Stop accepting new connections (server.close())
Drain in-flight requests (waiting for the close event)
Release external resources (DB pool, queue, Redis)
Exit

If step 2 is still blocked after ~25 s, exit anyway — Kubernetes will SIGKILL you at 30 s regardless, and a clean-ish shutdown beats a crash-looking one every time.

6. Observability, not just logs

Logs alone are search-only. You want three signals:

Metrics — request rate, latency percentiles, error rate, event-loop lag
Traces — per-request spans across services (OpenTelemetry)
Logs — structured, already covered
Profiles — continuous CPU/heap profiling via 0x or Datadog Continuous Profiler

Event-loop lag is the one metric most teams don't collect and then get surprised by:

TypeScript

import { monitorEventLoopDelay } from "node:perf_hooks";

const h = monitorEventLoopDelay({ resolution: 20 });
h.enable();

setInterval(() => {
  metrics.gauge("eventloop.lag.p99.ms", h.percentile(99) / 1e6);
  h.reset();
}, 5_000);

If the p99 lag creeps above ~50 ms, your Node process is CPU-bound — either move that work to a worker thread, offload it to a queue, or scale out.

Event loop lag over a typical deploy

Sample lag chart — flat is good, spikes are not.
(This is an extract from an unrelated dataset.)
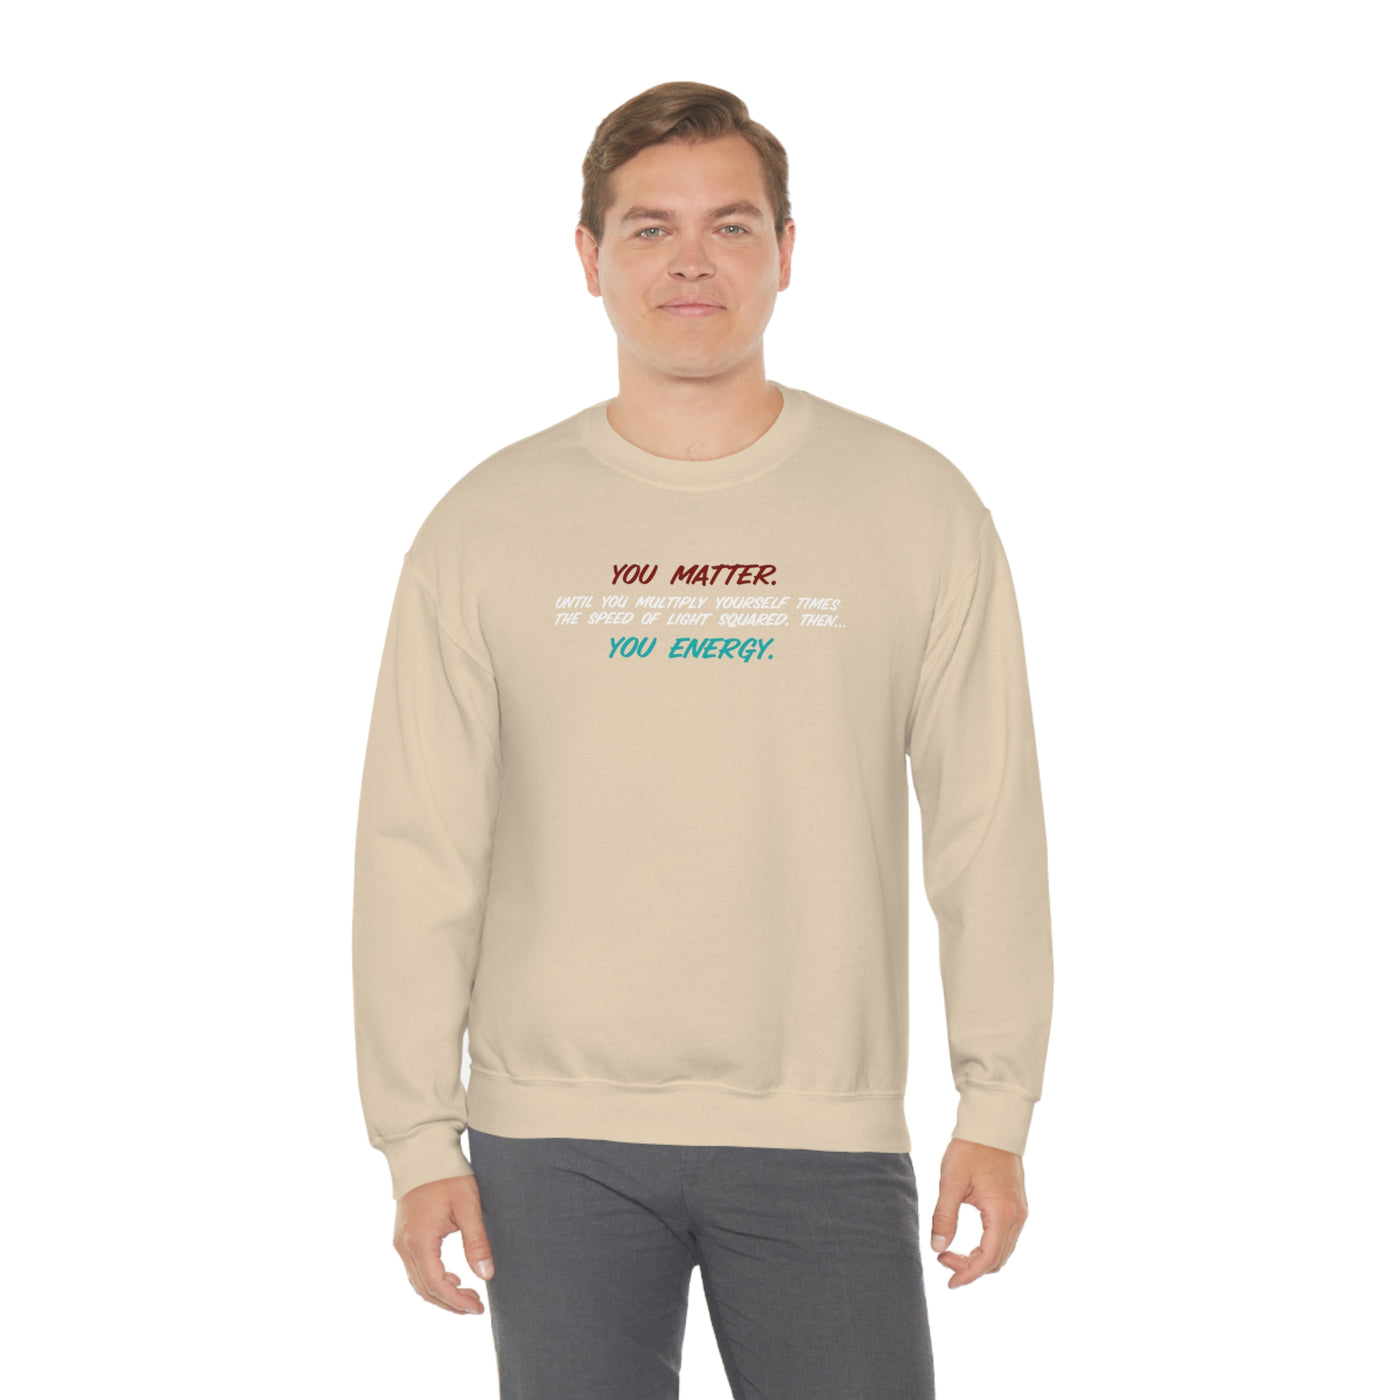 You Matter Crewneck Sweatshirt

7. The production-readiness checklist

Before routing real traffic at a service, run this list. Every line is something I've been bitten by at least once:

The last one is the one everyone skips. Don't skip it — the drill is where you find the actual bugs.

8. Quick-reference cheat sheet

Some things worth committing to muscle memory:

Want to…	Tool / pattern
Restart on crash	`pm2` / `systemd` / container orchestrator
Use all CPU cores	`cluster` or `pm2 -i max`
Ship structured logs	`pino` + log aggregator
Trace requests across services	OpenTelemetry SDK
Measure event-loop lag	`perf_hooks.monitorEventLoopDelay`
Hot-reload during dev	`node --watch` (Node ≥ 18.11)
Debug a running process	`kill -SIGUSR1 <pid>` + Chrome devtools

To attach Chrome devtools to a running process: send SIGUSR1 to it, then open chrome://inspect. This works against ~~unsupported~~ every Node version since 8.